Re: (OPE-L) Re: dialectics: 'new', 'systematic' and 'materialist'

From: Andrew Brown (Andrew@LUBS.LEEDS.AC.UK)
Date: Mon Mar 15 2004 - 09:37:30 EST

Thanks Jerry,

> Patrick Murray is also grouped by Robert Albritton as being an
> advocate of "The New Dialectics."  To understand why see Murray's
> "Things Fall Apart: Historical Dialectics and the Critique of
> Political Economy" in Albritton R. and Simoulidis, J. (eds.) (2003)
> _New Dialectics and Political Economy_.

On the definition 'new dialectics' I guess we need say no more given Chris's post. I
think I am closer to Murray than to Chris and Tony regarding, at least, the issue of
value. The great thing I take from Murray is his exposition of how (his interpretation
of) Hegel's 'Logic of Essence' helps grasp the value relation. Basically, essence is
inherently non-sensuous. It must appear as something other than itself, as
something sensuous. In the case of value, essence is (congealed) abstract labour,
and it must appear as, ultimately, money. Jairus Banaji pioneered this interpretation.

> You write above that "new dialectics correctly stresses the need to
> develop, to dialectically derive, concepts ...."   I think this
> formulation is misleading since it  suggests that they as a group
> believe that the "method of inquiry" should be dialectical.  This is a
> position that Murray explicitly rejects (Ibid, pp. 160-1).  Chris, I
> think, shares Murray's view that  "the method of  inquiry must take
> its lead from the object being investigated."   This represents a
> point of contrast to "materialist dialectics",  doesn't it?

I certainly didn't mean to imply such a denial. Materialist dialectics strongly
*upholds* the distinction between method of inquiry and of presentation, in my view.

Moreover, it is of course the case that the object of investigation leads the inquiry,
according to materialist dialectics.

Perhaps you are getting at the distinction between those approaches that see
systematic dialectics as having possible application outside of capitalism (e.g. T.
Smith) and those who see it as applicable only due to the perversity of capitalism
(e.g. Chris A.). I would place materialist dialectics in the former camp (though
materialist dialectics is otherwise different to Tony's position).
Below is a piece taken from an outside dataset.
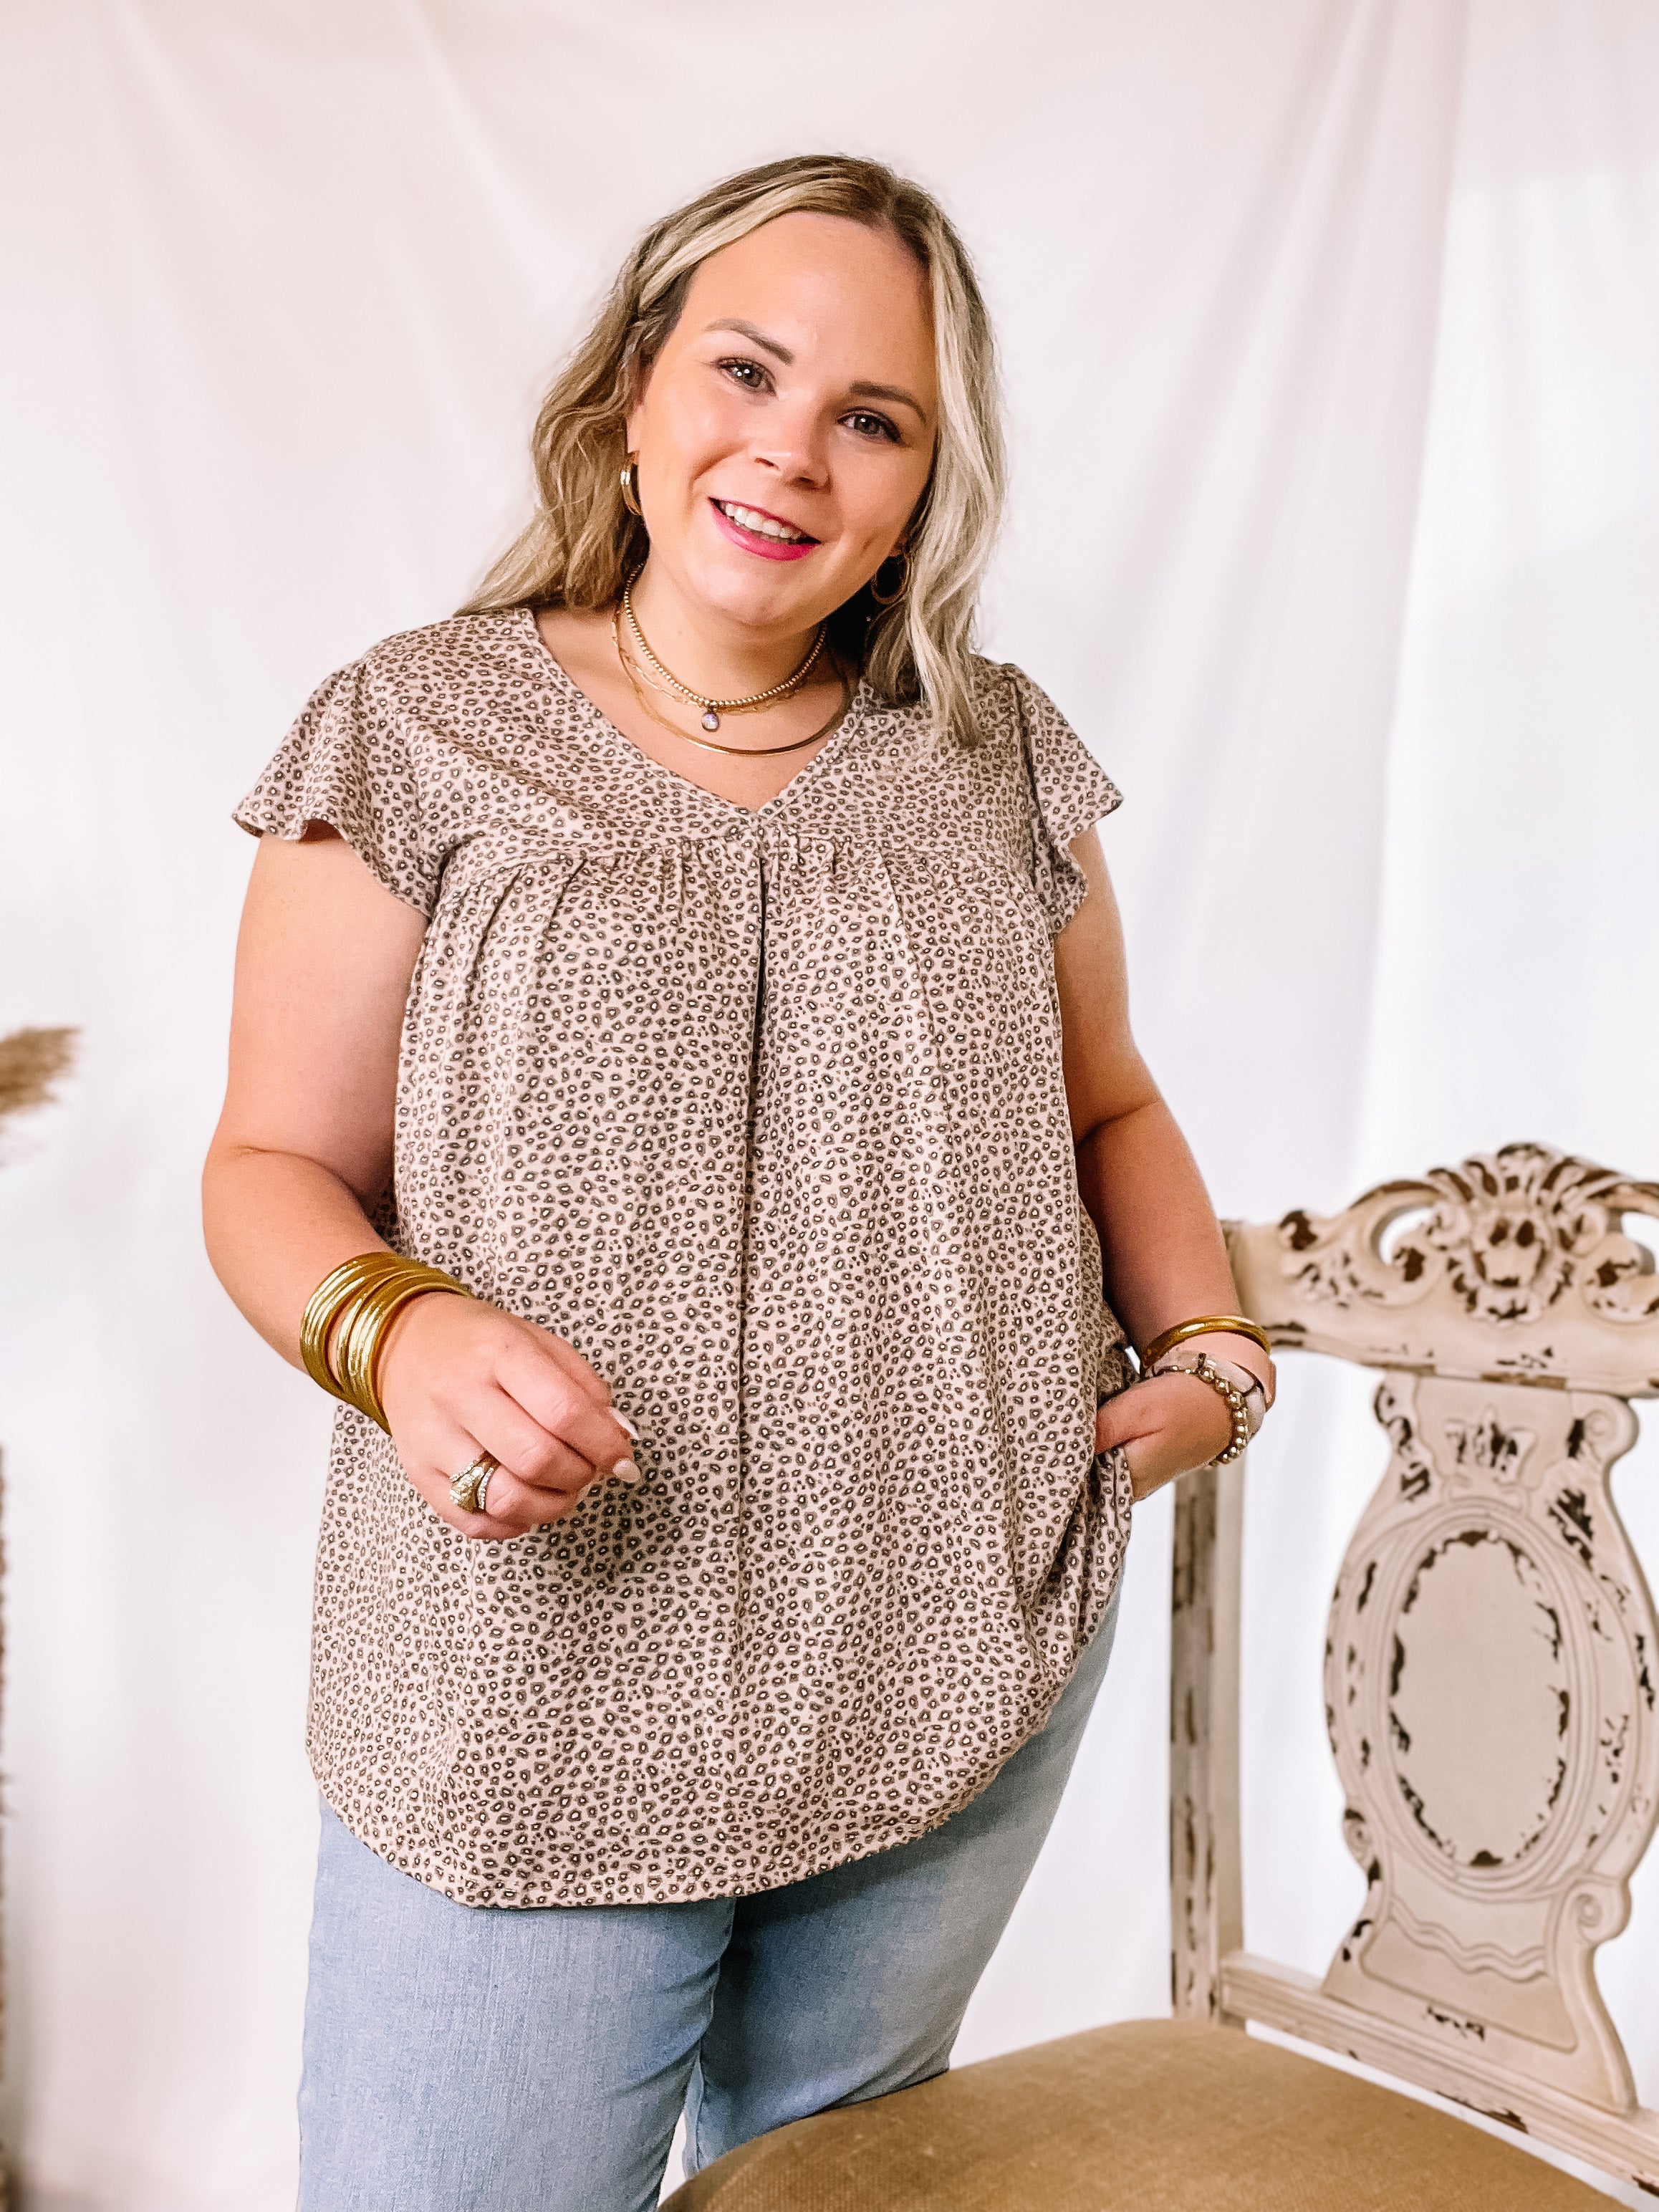 Look Who's Trending Small Leopard Print V Neck Top with Ruffle Cap Sleeves - Giddy Up Glamour Boutique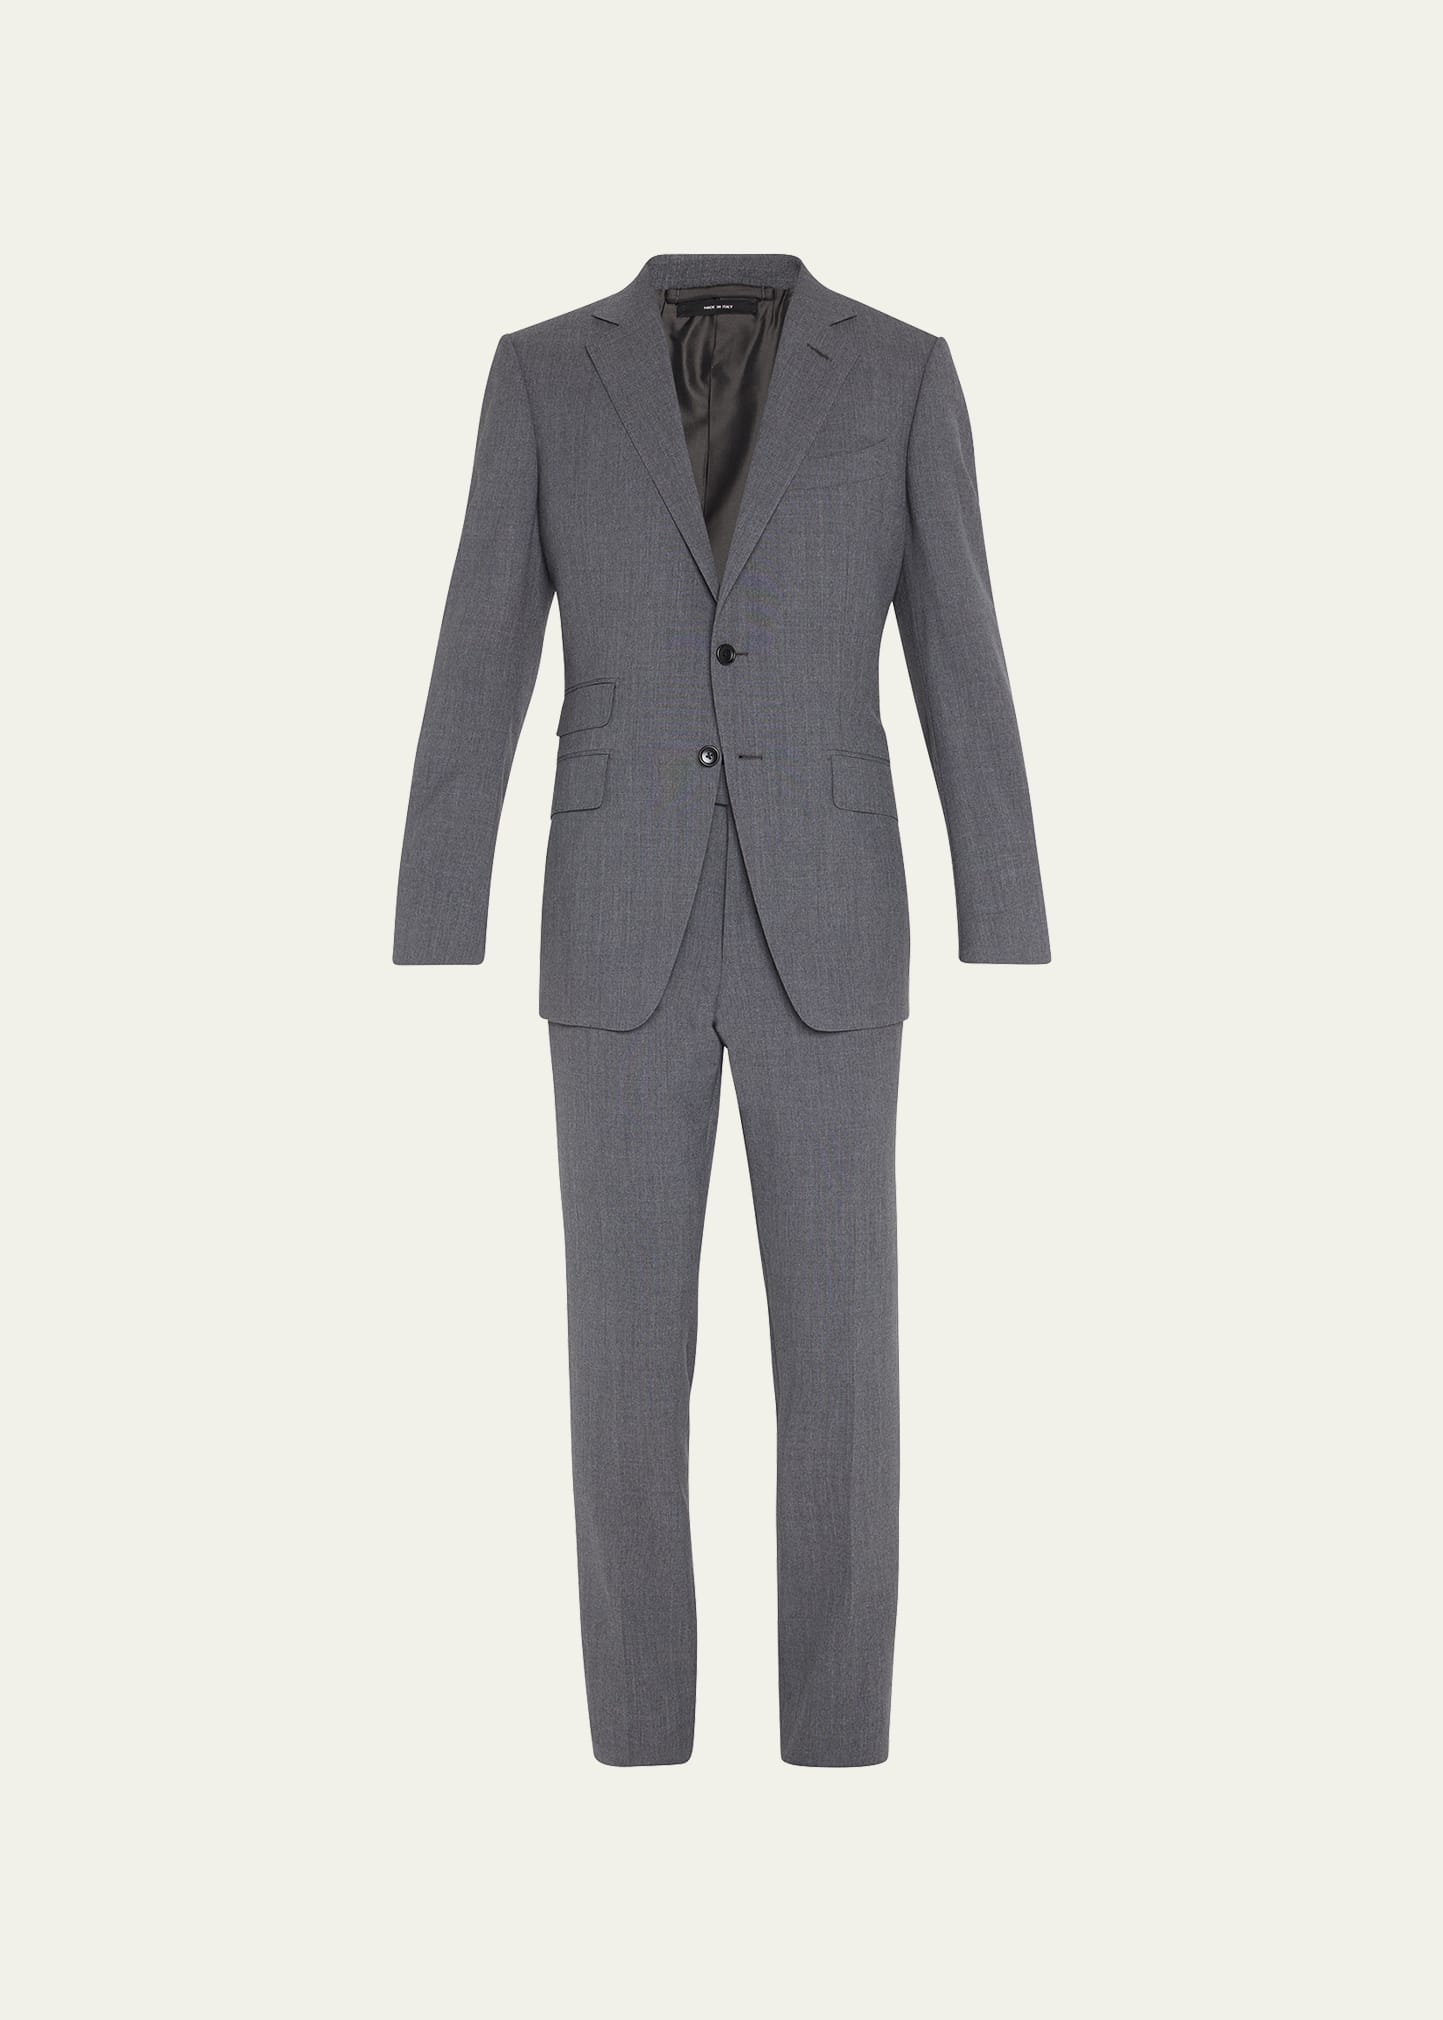 Tom Ford Men's O'connor Solid Wool Suit In Dark Grey Solid

> > I would see the tradition in part developed and inspired by Ben Fine
> > as compatible  with materialist dialectics. [...] Alfredo's work is
> > another good  example. Alfredo first introduced me to both new
> > dialectics and materialist dialectics (though we seem to disagree
> > about many things philosophical).
> Well ... if you seem to disagree about many things philosophical with
> Alfredo, shouldn't you also disagree with many philosophical positions
> advanced by Fine?   After all, their positions can't be so far apart
> since they are co-authors (of the fourth edition of _Marx's Capital_)
> and Fine wrote that the 2 of them developed "a mutual and common
> understanding of Marx's political economy."   Doesn't this imply --
> indeed require -- a mutual and common understanding of Marx's method
> and philosophy?

Well, just in case anyone is still interested, your helpful question allows me to
explain a little further my position. I argue that, amongst other things, materialist
dialectics represents a philosophical, methodological, and abstract theoretical
deepening of the tradition to which Fine and Alfredo belong. It fruitfully develops this
tradition by bringing out its' abstract basis, and thereby, I hope, contributes to a
better appreciation and further development of its' more concrete aspects. Fine
himself seems to care little (less than me anyway) for such very abstract concerns.
Alfredo has a somewhat different philosophical take than me.

I guess at the time of Fine's initial work neither the resources of systematic dialectics
nor of materialist dialectics were well known. If one wanted to 'develop from abstract
to concrete', the Althusserian tradition seemed the best bet. Somewhere recently, I
noticed that Fine regretted the Althusserian influence on his 'Rereading Capital' (with
Harris). Since then, however, they have become prominent and so the 4th edition of
'Marx's Capital' is replete with references to systematic dialectics and to materialist
dialectics. Indeed Alfredo's 'The Value of Marx' makes what, in paraphrase, are the
same criticisms of Hegel-inspired systematic dialectics as I do, whilst, as I do,
affirming the tremendous advance that has been achieved by this body of work.
That is, Alfredo criticices Hegel-inspired systematic dialectics for being idealist and
advocates Ilyenkov's materialist dialectics. More concretely he criticises value-form
theory for overplaying the role of money [the critique of the value-form school is
something I haven't touched upon in the previous brief summary but is very
important]. However, the content of our respective critiques of Hegel-inspired
systemtic dialectics and corresponding intepretations of systematic dialectics is
significantly different: e.g. we have different respective definitions of 'idealism'.